Mas estou dizendo isto tudo a propósito da pedalada deste domingo, 11/04/2010. Durante a semana encontrei o ciclista Marco com quem andei raras vezes e ele me convidou para um passeio até a represa de São João Marcos. Aceitei, estaria abrindo novas opções, ganhando novos colegas.
Quando entramos em um grupo temos de nos adaptar aos seus costumes e o primeiro, que estranhei é seu hábito de só comer em casa, na trilha é só pedalar. Mas em Arrozal pedi para parar na padaria do Francisco: sei lá quando vou comer de novo!

Bem, íamos atravessar Passa Três e lá, pensei, faço a turma parar na outra padaria, mas estavam na frente e tive de segui-los batido.
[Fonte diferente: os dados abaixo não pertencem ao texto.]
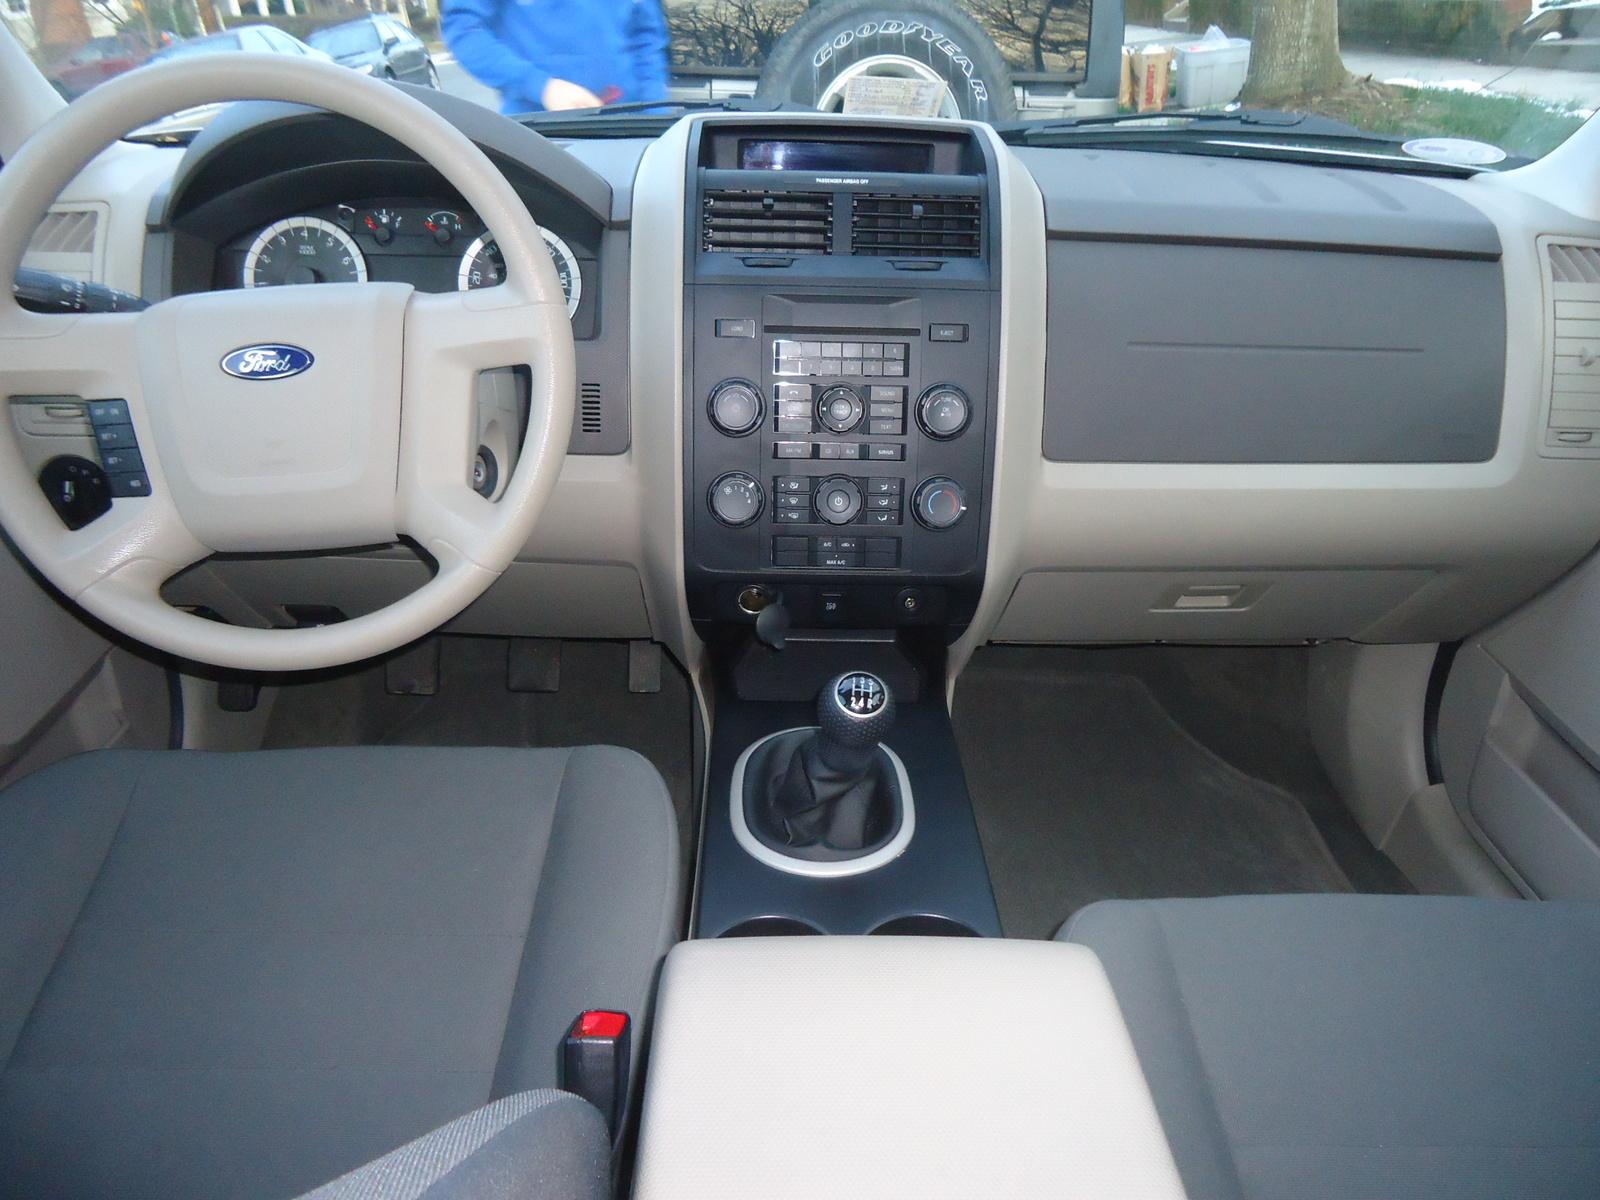 2011 Ford Escape Interior Dimensions

Subimos sem parar passando por belos lugares, parava para fotografar e ficava para trás. Mas conhecia o caminho. A bicicleta de Marcos quebrou de um jeito que nunca vi, soltou o parafuso das coroas e ficou sem a menor. Mas para ele não era nada, continuava subindo à vontade.

Na represa decidi saltar fora. Anunciei que não ia voltar com eles, preferia fazer a volta por Rio Claro, mas eles resolveram me seguir. Afinal a distância era um pouco menor e a estrada bem melhor. Avisei que depois de subir a serra chegaríamos no bar de D. Rosa onde é servido um belo frango frito, mas ela está desativando o estabelecimento e passamos a refrigerante e biscoito. A fome bateu, Vagner começou a ter cãimbras.

Chegamos em Rio Claro onde os salgados da D. Marlene salvaram a gente. Depois foi pedalar debaixo de chuva fresca e sol ameno. Ganhei novos colegas de pedal, com um jeito diferente, mas é bom conhecer outros costumes, abrir a mandala da gente.